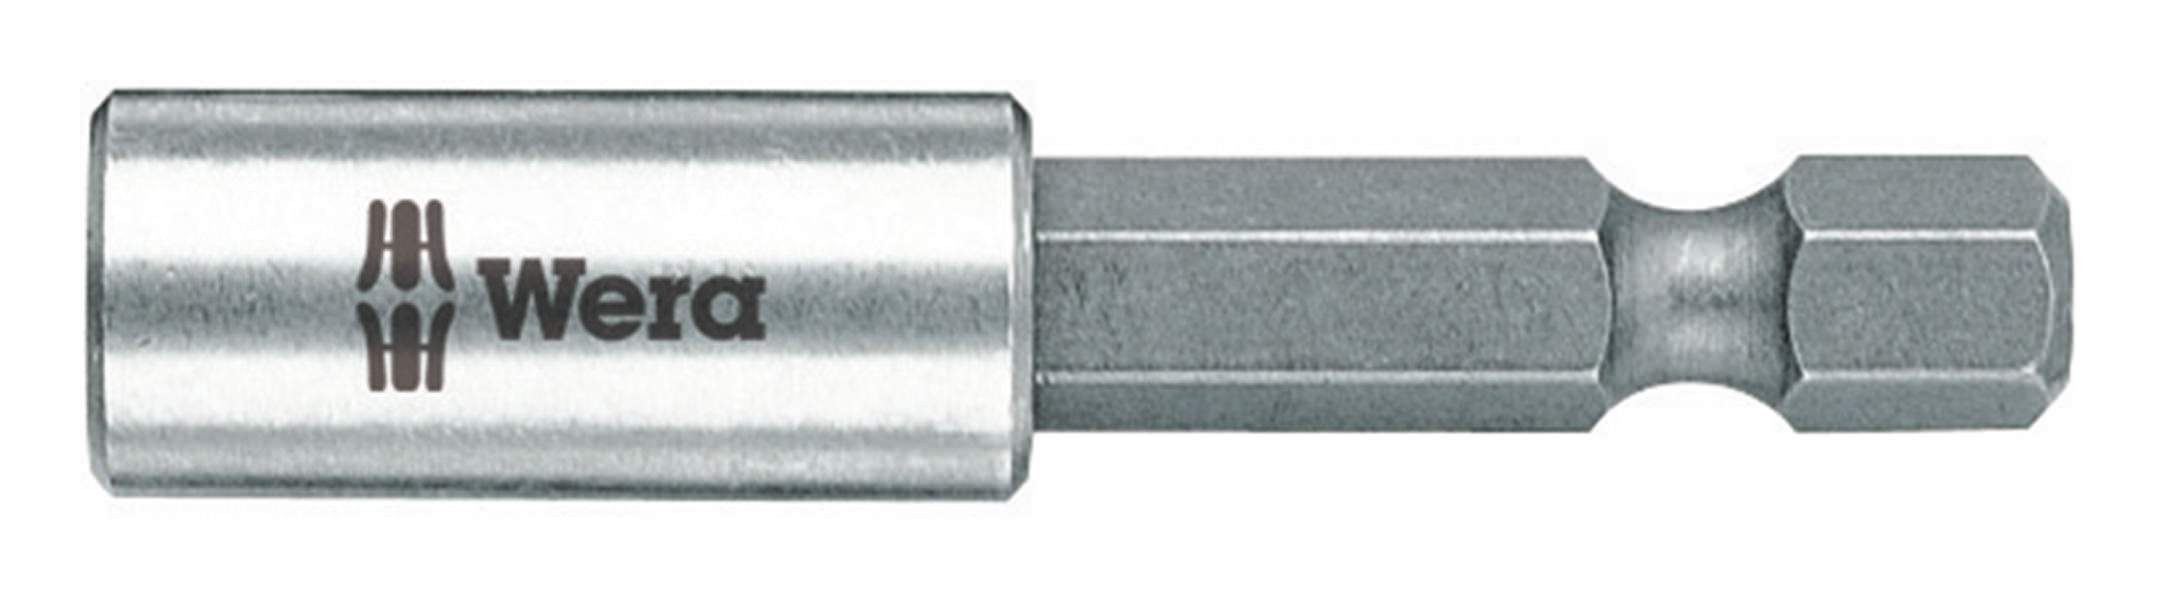 Wera Bithalter, Universalhalter mit Magnet 893 / 4 / 1K 50 mm
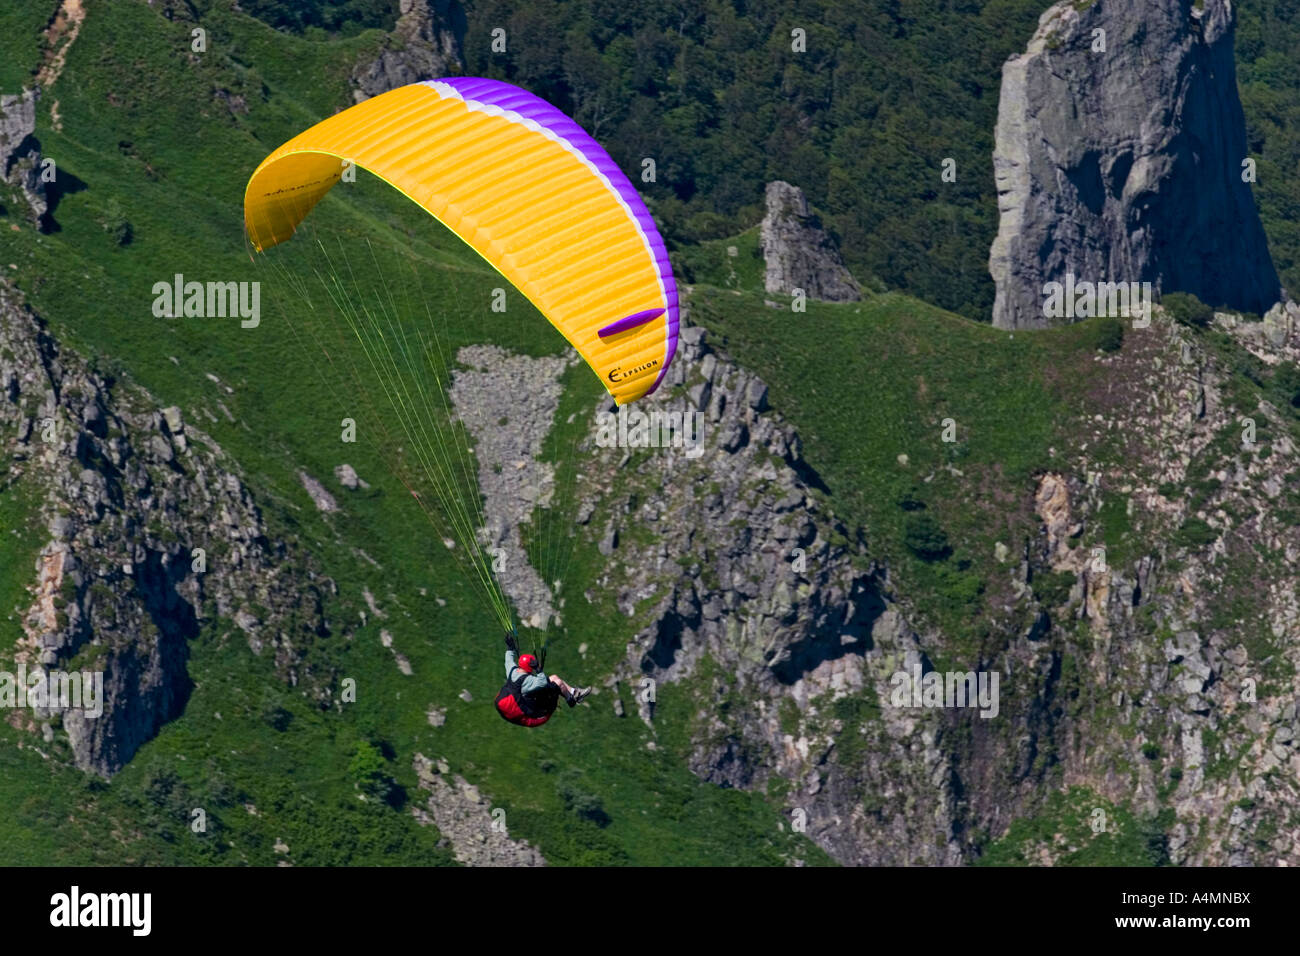 A paraglider over the Sancy Massif (Puy de Dôme - France). Parapentiste en vol dans le massif du Sancy (Puy de Dôme - France). Stock Photo
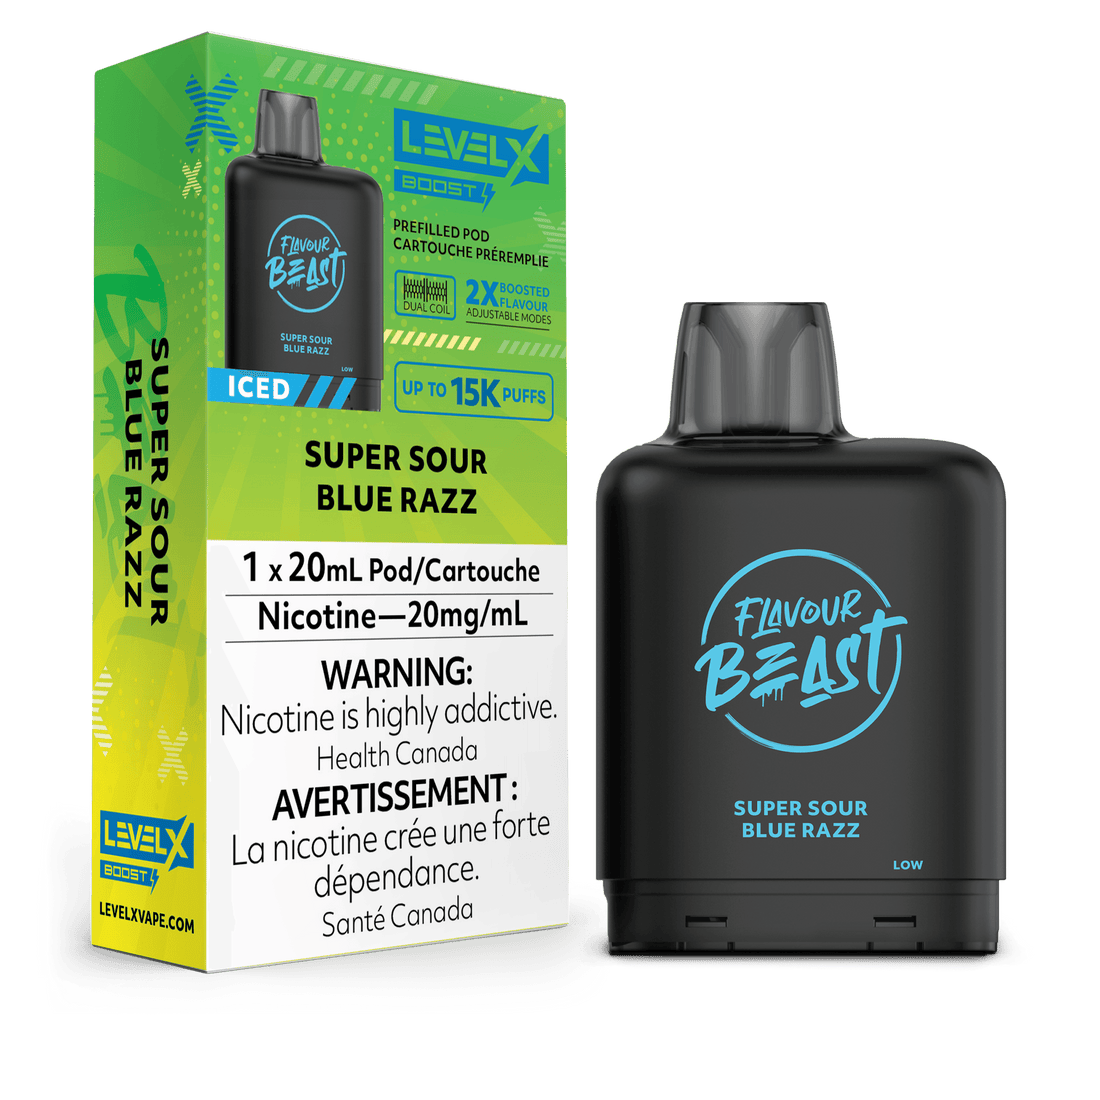 Level X Boost Flavour Beast - Super Sour Blue Razz Iced - Vapor Shoppe
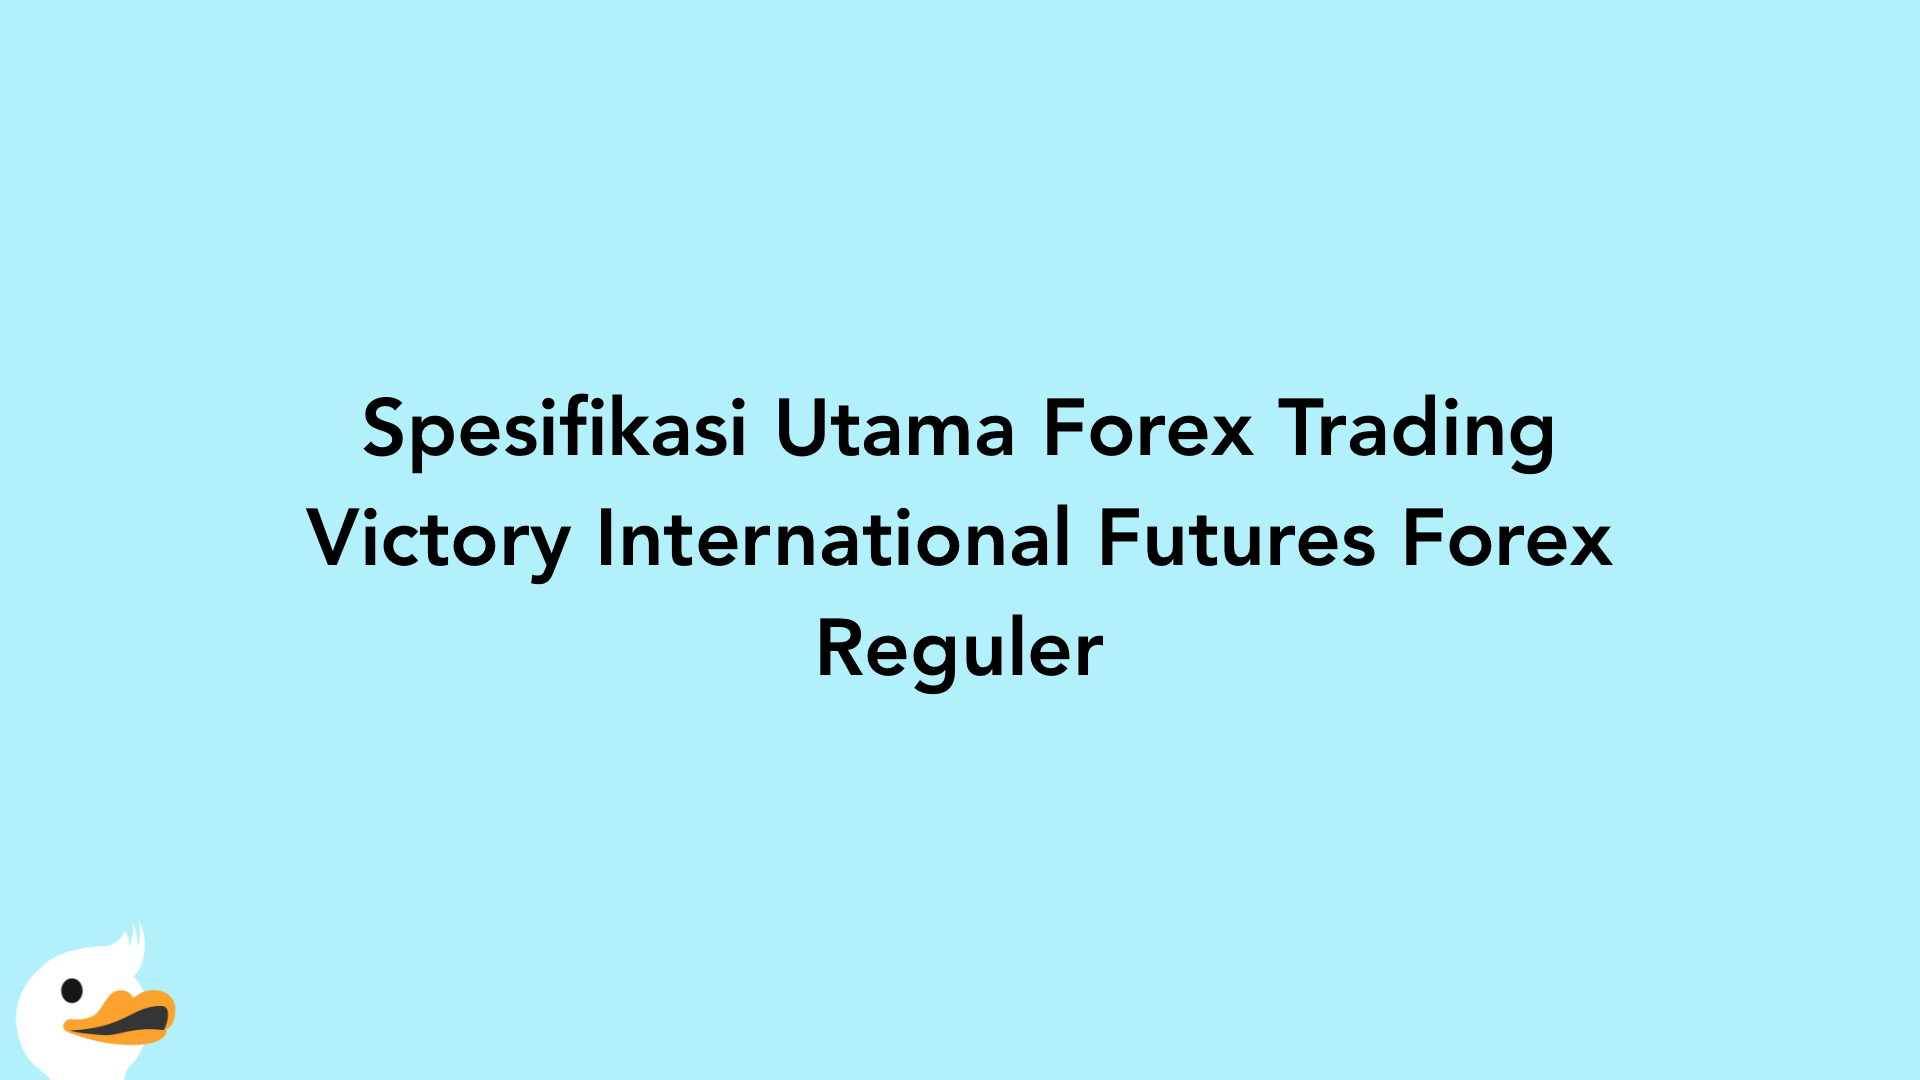 Spesifikasi Utama Forex Trading Victory International Futures Forex Reguler

Problem requirements:
Your reply should give again exactly the lines from the one with "Level X Boost" through the last line of the data, with both ends included and pictures left out.

Solution for this task:
 Level X Boost Flavour Beast - Super Sour Blue Razz Iced - Vapor Shoppe
 Spesifikasi Utama Forex Trading Victory International Futures Forex Reguler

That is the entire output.